A water flow meter is an effective means to document water use and track changes to water management practices. Flow meters are recommended for withdrawal approvals, although pump specifications and logging hours of use can be used as an alternative in some circumstances. There are a variety of flow meters available in the marketplace, although it is important to ensure it is properly suited for the situation, e.g. vertical, horizontal or oblique installation and compatible with water quality, e.g. impurities in water.


Irrigation management

Proper irrigation management ensures that the irrigation system is operated to match the crop, soil and climate conditions present. Irrigation should be scheduled to replace moisture losses in a manner that does not exceed the crop’s ability to utilize the water, or the soil’s capacity to store the water applied. Appropriate irrigation equipment selection and design, as well as good management and scheduling, will conserve water supplies while supporting crop growth.

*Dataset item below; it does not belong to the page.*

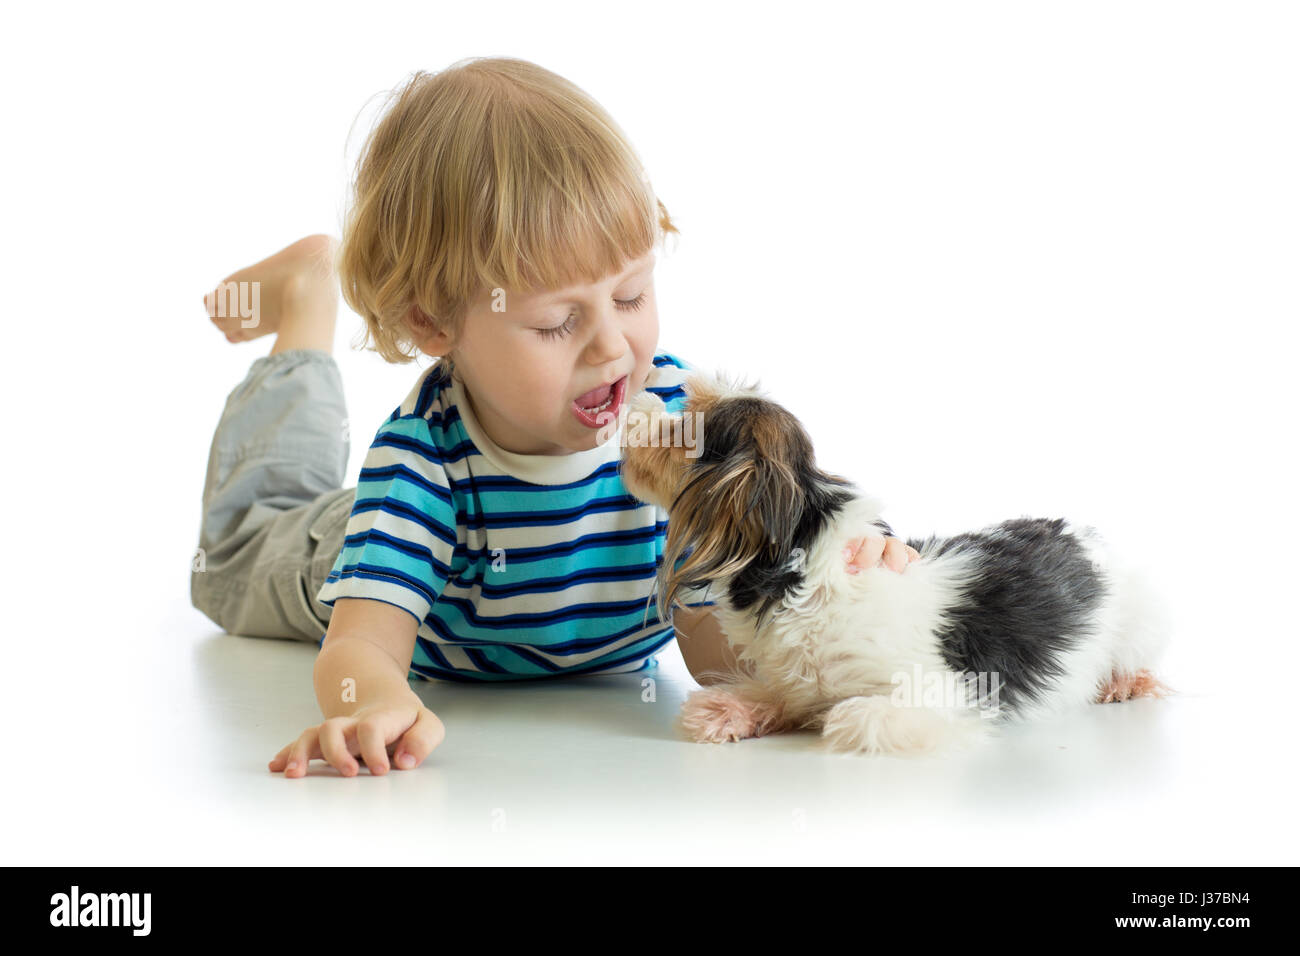 Drôle de petit boy kissing puppy dog, isolé sur fond blanc Banque D'Images

A farmer’s observations and experience are often relied upon during the growing season; however, soil moisture sensors can help improve irrigation management. Depending on the crop, even mild plant stress can impact yield. Soil moisture sensors are useful tools to help irrigators to understand what is happening in the root zone of a crop. There are two basic groups of sensors for soil moisture monitoring:


  1. Water Potential Sensors: such as tensiometers and granular matrix sensors, (e.g. gypsum block and watermark sensors). These sensors measure how hard it is to remove water from the soil. This information coupled with an understanding of your soil texture (e.g. sandy, loamy, silty etc.) can be used to determine the amount of water in the soil that is available to plants.
  2. Soil Moisture Sensors: that give a percentage or relative content of soil moisture. These sensors measure the water content of a soil using the time or frequency of a pulse travelling between or returning to electrodes. The most common types are capacitance and time or frequency domain. Most sensors are accurate within 2–3% of the actual soil moisture.


The wide variety of tools and sensors available for assessing soil moisture can accommodate a range of farm needs regardless of farm size. With advances in technology, farmers can now access real-time soil tension sensor data with a mobile platform that allow growers to anticipate the water needs of the crop and schedule irrigation accordingly, e.g.


Water is a critical input into all farming operations. Unlike many regions of the world, we are fortunate to live and farm in an area where we have an abundance of high-quality water. The summer of 2016 was an example that highlighted that we are not immune from water scarcity in the province. Moving into an unpredictable future, it is in our best interest to understand the limits of the water resources we have and to manage those resources responsibly.